Книга: Пока ненависть не разлучила нас
Назад: 23. Ненависть проявляется по-новому
Дальше: 25. Потрясения

24. Перевернем страницу

Рафаэль

Он уперся в меня взглядом, и я сразу понял, что предстоит суровый поединок. Черт! До чего начальники предсказуемы! Я знал даже повод, по которому он на меня наедет!
Но я как ни в чем не бывало начал с запланированной темы совещания. Показал макеты, познакомил с проектами будущей рекламы. Он молча, с отсутствующим видом кивал, давая понять, что эти вопросы его не занимают ни в малейшей степени. Я мог бы взять инициативу на себя, но предпочел спровоцировать его.
— У меня сложилось впечатление, что проекты вас не интересуют. Не так ли?
Он не ждал от меня вопроса, и его отстраненное высокомерие немного подтаяло.
— Ты прекрасно знаешь, что у меня нет никаких замечаний по твоей работе. Я ценю твой профессионализм.
— И что же?
Он заморгал, и я понял, до чего он нервничает.
— Твоя религиозность представляет сегодня проблему.
Он ждал моей реакции, хотел, чтобы я попросил уточнений, объяснений, но я ему не помог. Мне не хотелось облегчать ему задачу.
— Думаю, ты в курсе, что твоя свободная суббота вызывает в коллективе недовольство.
Действительно, с некоторых пор мои коллеги стали замечать, что наш почтеннейший патрон, месье Арман Ледюк, стал проводить свои драгоценные совещания исключительно по субботам. И они, не желая терять свой свободный день, стали ссылаться на меня. «Чем наши семьи хуже? Они заслуживают такого же отношения, как религиозные взгляды Рафаэля. Ему же разрешено не присутствовать по субботам!» — ворчали они.
Сейчас Ледюк собирался пересмотреть заключенный нами договор. Стоит мне открыть рот, и я не сдержу своего гнева, и тогда начальник переложит всю ответственность на меня. Любезная улыбка и молчание. Улыбка и молчание.
Тишина нависала, и тик у Ледюка усилился: он снова заморгал глазами и стал двигать шеей, словно воротник душил его, потом резко поднялся из-за стола и заходил по кабинету.
— Ты должен понять, твое привилегированное положение ставит меня под удар. Коллеги знают о нашей дружбе и считают, что я покрываю тебя, делаю поблажки.

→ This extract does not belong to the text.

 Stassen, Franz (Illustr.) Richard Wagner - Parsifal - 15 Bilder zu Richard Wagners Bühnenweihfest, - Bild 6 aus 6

Меня покоробило от примитивности, с какой начальник повел разговор. Неужели он всерьез полагает, что пары комплиментов и фальшивой ссылки на дружбу будет достаточно, чтобы изменить договор? Доводы, которые он привел, мне понравились еще меньше.
Начальник остановился и посмотрел на меня, ожидая ответа.

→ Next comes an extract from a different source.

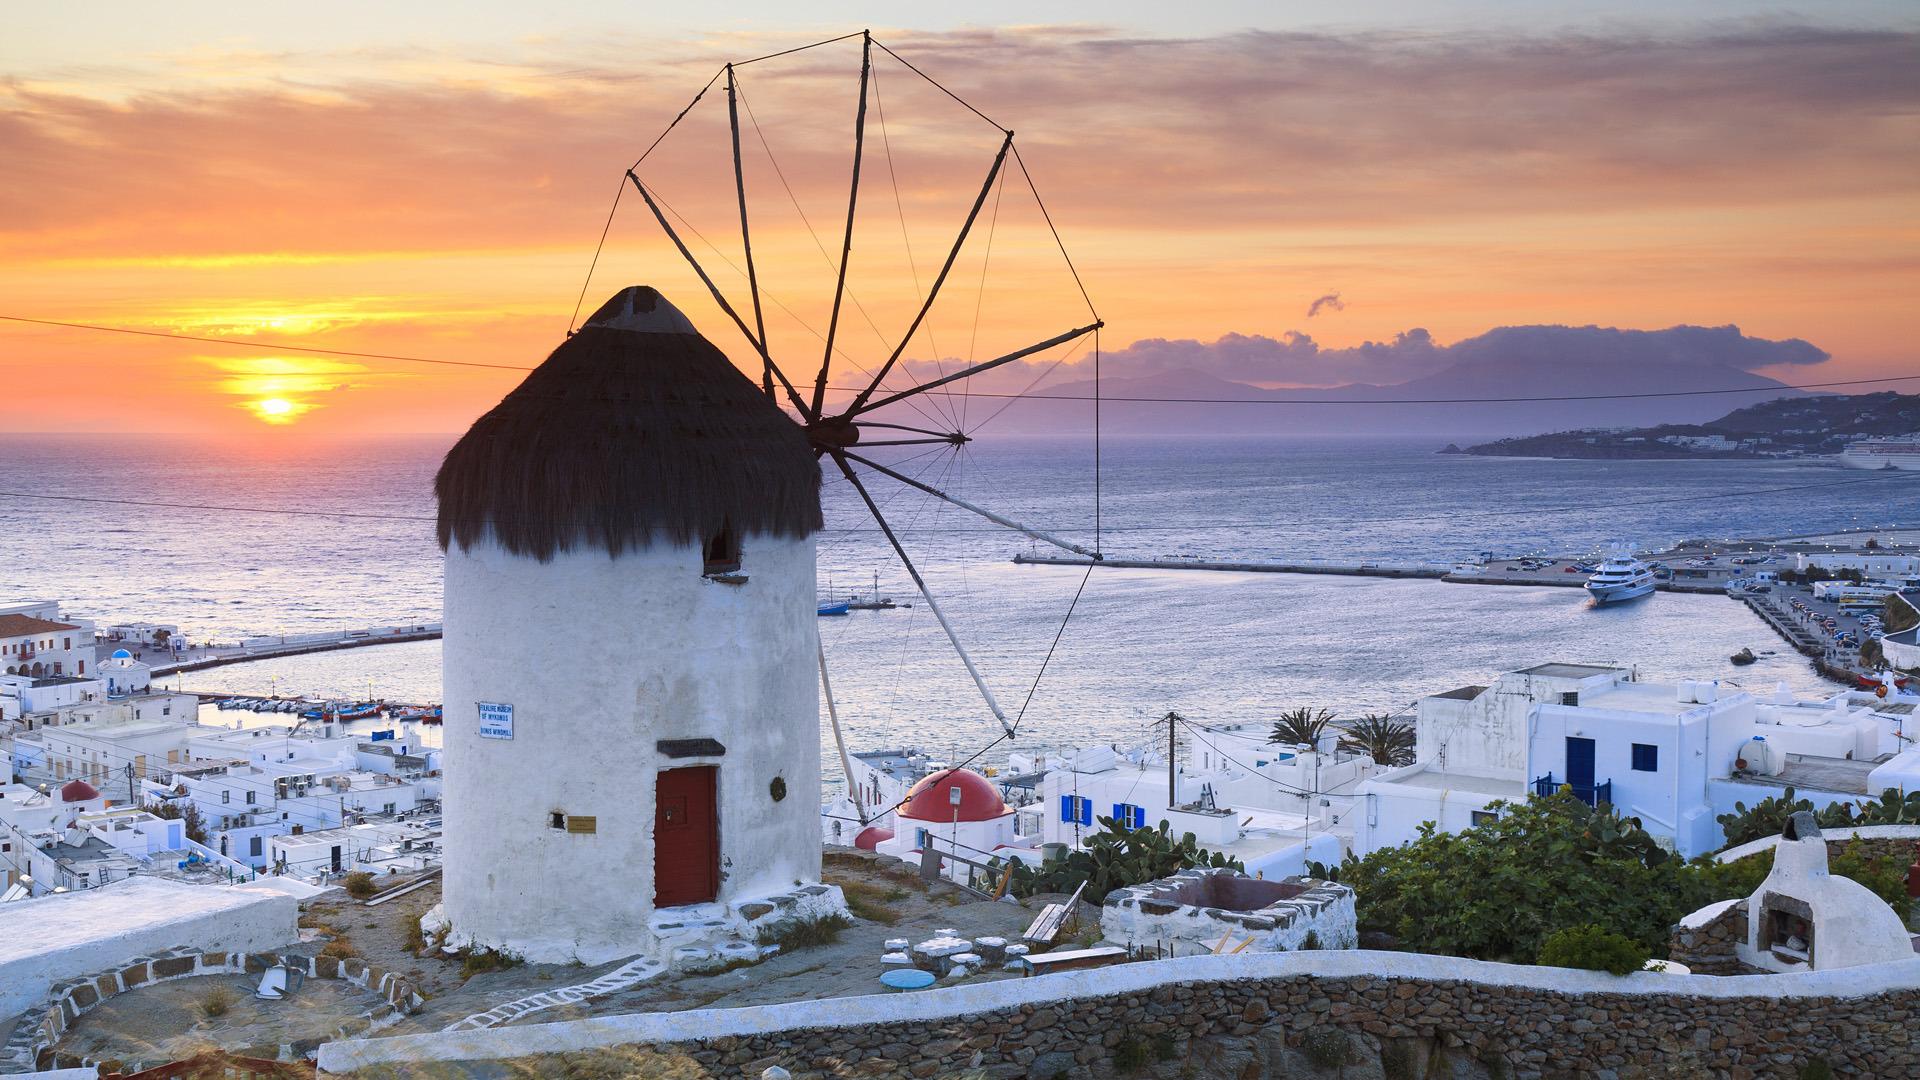 Alquiler de yates en Grecia. Alquiler de barcos en Grecia. Megatates de alquiler en Grecia

— А ты что думаешь по этому поводу?
— Я не совсем понимаю, что вы имеете в виду.
Теперь разозлился он. Его разозлила моя притворная наивность.
— Не разыгрывай дурака, Рафаэль.
— Но мне кажется, что я в самом деле чего-то не понимаю. Иначе я бы решил, будто вы хотите, чтобы я отказался от исполнения своих религиозных обязанностей и приходил на работу по субботам. Но я в этом сомневаюсь.
— Сомневаешься! — передразнил он меня. — А с какой стати ты сомневаешься?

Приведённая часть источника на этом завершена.